Security

Infrastructure

• Database & storage: Supabase (managed PostgreSQL + object storage), hosted in the Sydney AU region. Backups are managed by Supabase with point-in-time recovery on all production databases.
• Application hosting: Railway for the API and web app; Vercel for the marketing site. Both providers operate SOC 2 Type II certified infrastructure.
• Email & SMS: Resend (transactional email) and ClickSend / Sinch (SMS). Both are bound by data processing arrangements limiting use to message delivery.

Encryption

• In transit: TLS 1.2 or above is required for all connections to SiteSphere. HTTP requests are redirected to HTTPS.
• At rest: AES-256 encryption is applied to all data stored in our Supabase databases and object stores.
• OAuth tokens: Xero refresh tokens are encrypted with AES-256-GCM using a key held outside the database before being stored.
• Authentication: Passwords are stored as bcrypt hashes (handled by Supabase Auth). Session JWTs are signed with HS256 using a key held only in the application environment.

Multi-tenant isolation

Multi-tenancy is enforced at the database via Postgres row-level security (RLS). Every table that contains tenant data has an RLS policy that filters reads and writes by the requesting user's business or client membership. The application layer does not perform this check — it's enforced one layer below the application boundary, which means a bug in a route handler cannot leak data across tenants.

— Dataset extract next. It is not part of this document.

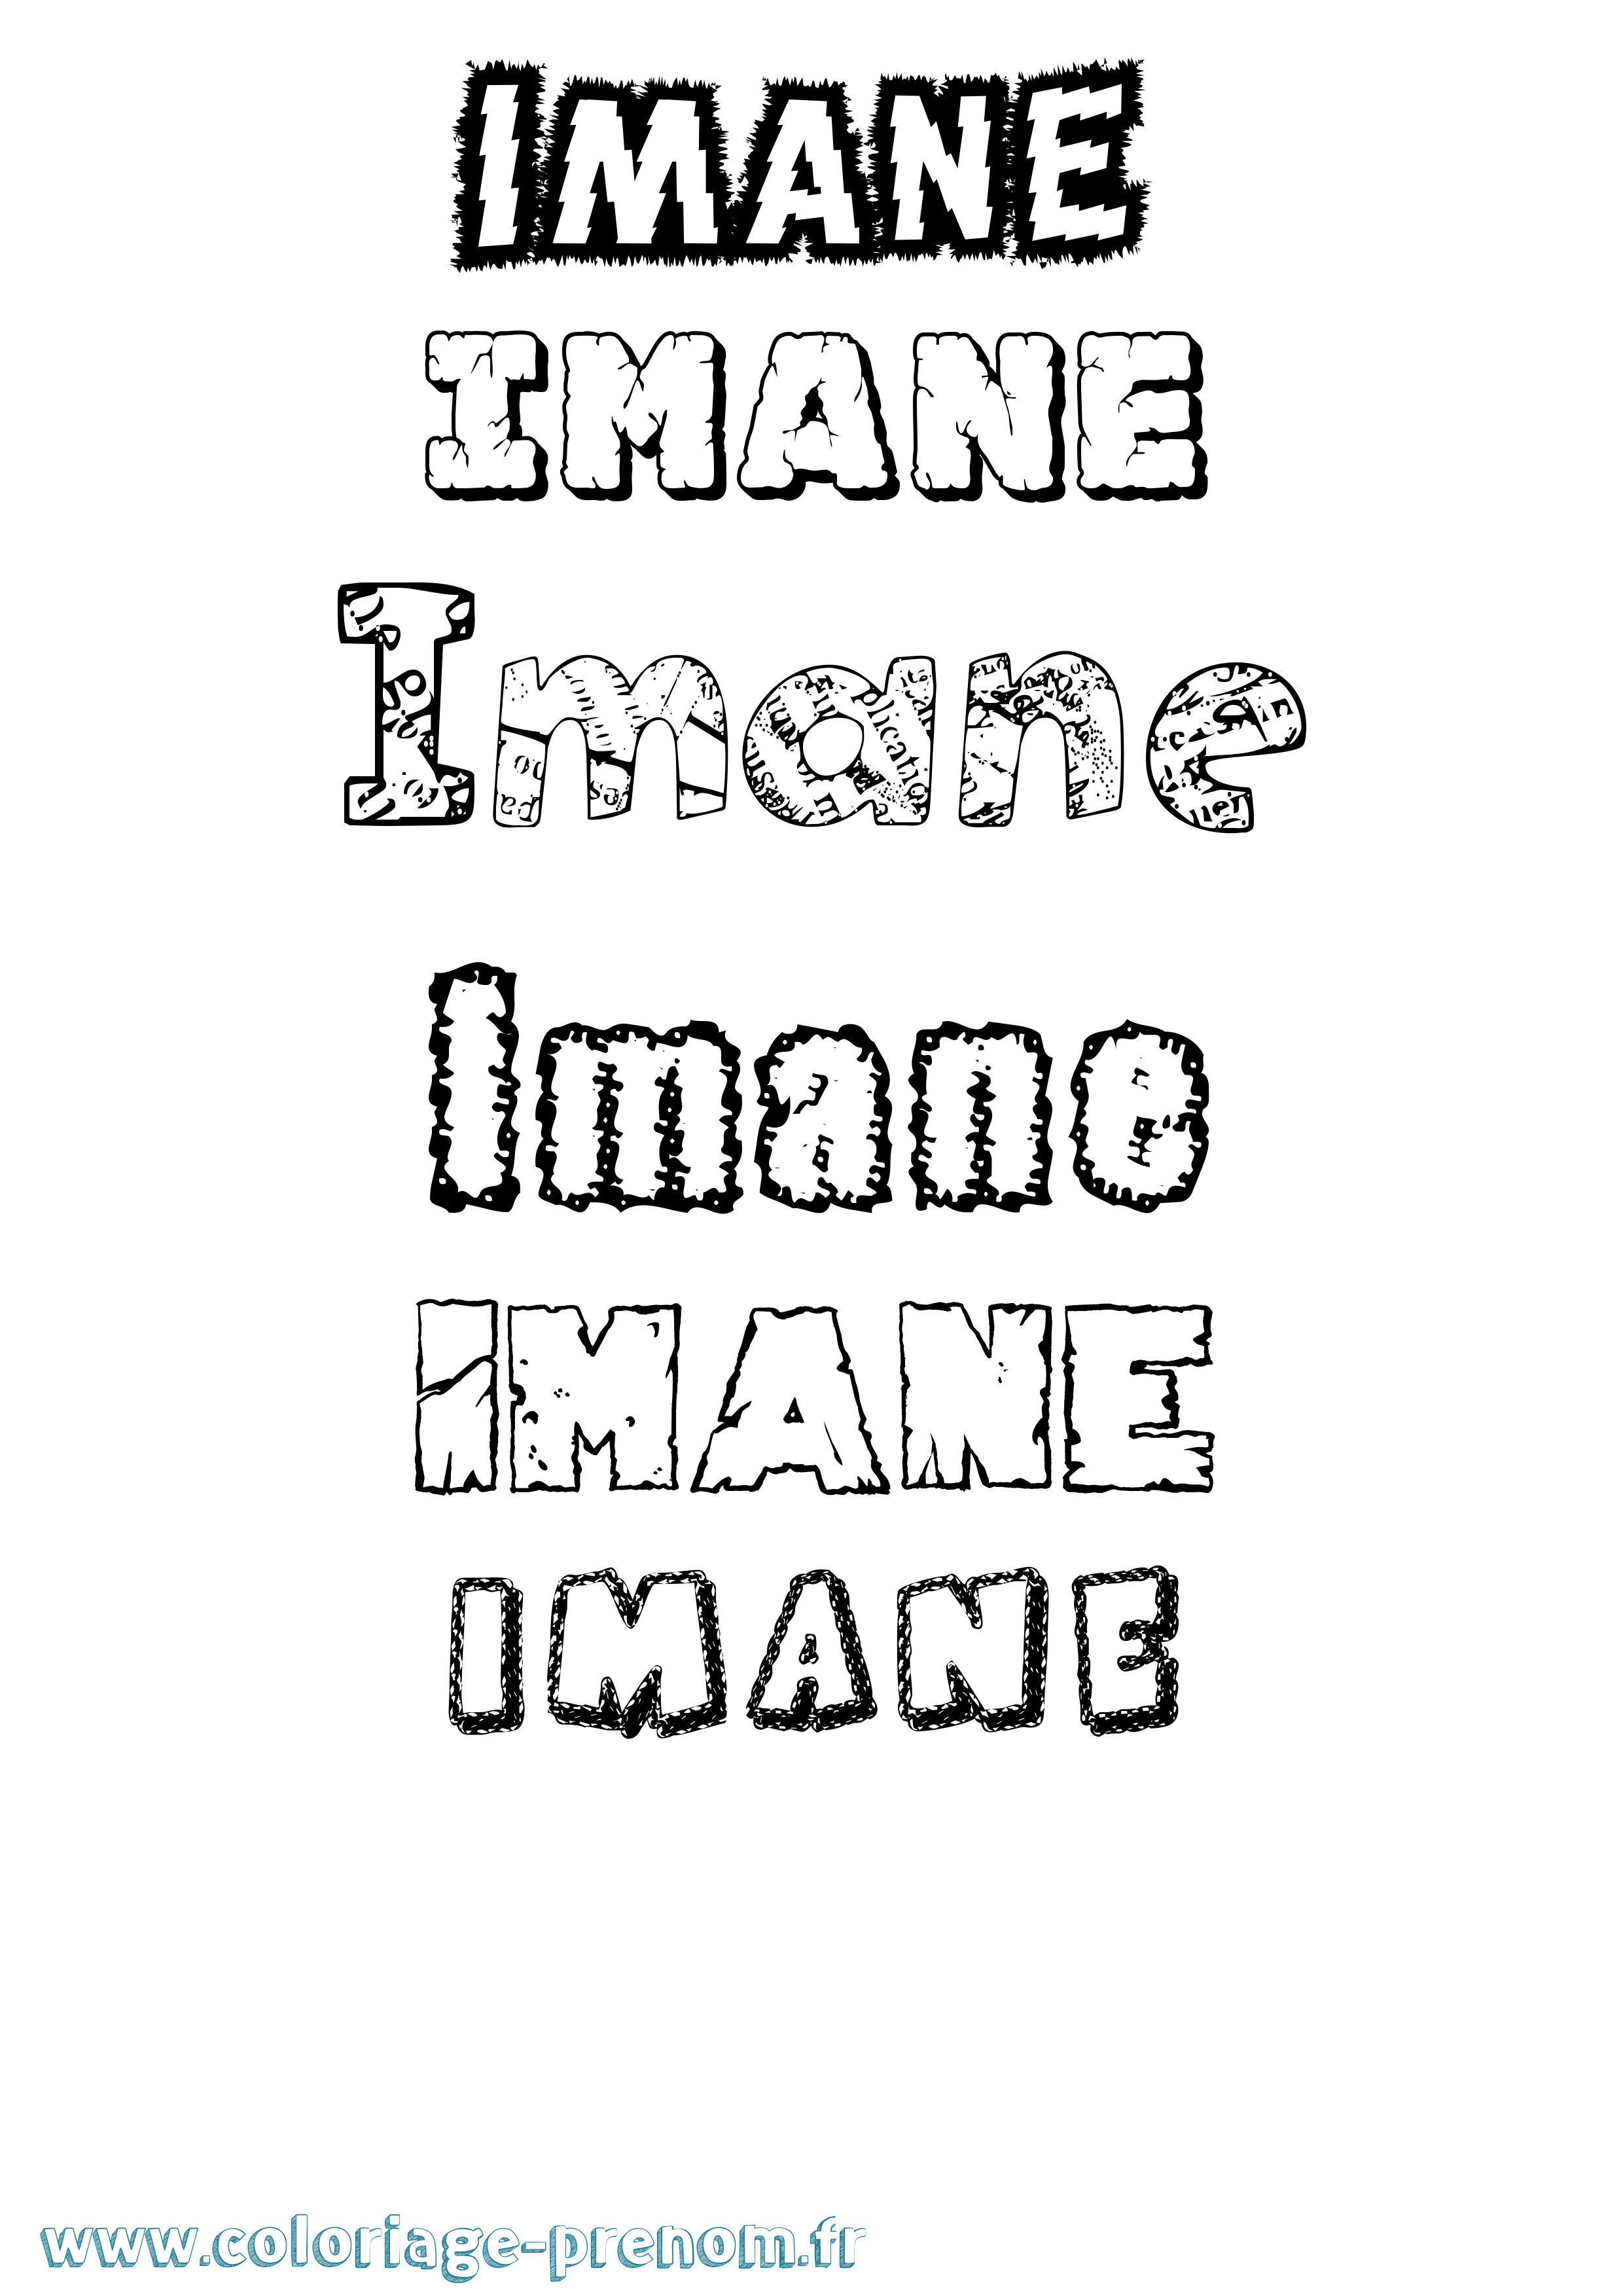 Coloriage prénom Imane

Service-role access (used for system operations like push notification fan-out) is restricted to a small set of clearly marked code paths and never reaches the user-facing surface.

Access controls

• Role-based access enforced at both the API (request middleware) and the UI (route guards).
• Field roles (workers, leading hands, supervisors) and desk roles (business admins, payroll managers, client admins) live on different surfaces (mobile vs web). The split is enforced symmetrically in middleware on both surfaces.
• Supervisors are client-side: they see crew sheets for their client's projects only, with row-level enforcement at every read.
• Magic-link tokens for unauthenticated supervisor and client approvals are single-use and short-lived; the underlying scoped JWT does not grant general account access.

Audit and observability

• API request logs retained for 30 days for troubleshooting.
• Calculation trail: every payroll line written to the database carries a per-clause trail describing exactly which rule produced the value. This is visible to business admins for dispute resolution.
• Xero webhook activity is logged and reconciled against expected state.

Vulnerability management

• Dependencies are tracked via automated tooling. Critical and high-severity advisories are patched within 7 days of upstream release.
• Static analysis runs on every pull request. Strict TypeScript + ESLint configurations are enforced as merge gates.
• Production database migrations are applied through a CI/CD pipeline; manual SQL access to production is restricted and logged.

Incident response

We follow the Notifiable Data Breaches scheme under the Privacy Act 1988. Where a security incident meets the notification threshold, we will notify affected individuals and the Office of the Australian Information Commissioner (OAIC) as soon as practicable.

Customers can subscribe to status updates and incident notices by contacting security@sitesphere.com.au.

Reporting a vulnerability

If you believe you have found a security issue in SiteSphere, email security@sitesphere.com.au with the details. We will acknowledge receipt within one business day and keep you informed as we investigate.

Please do not perform load or vulnerability testing against production without prior written consent.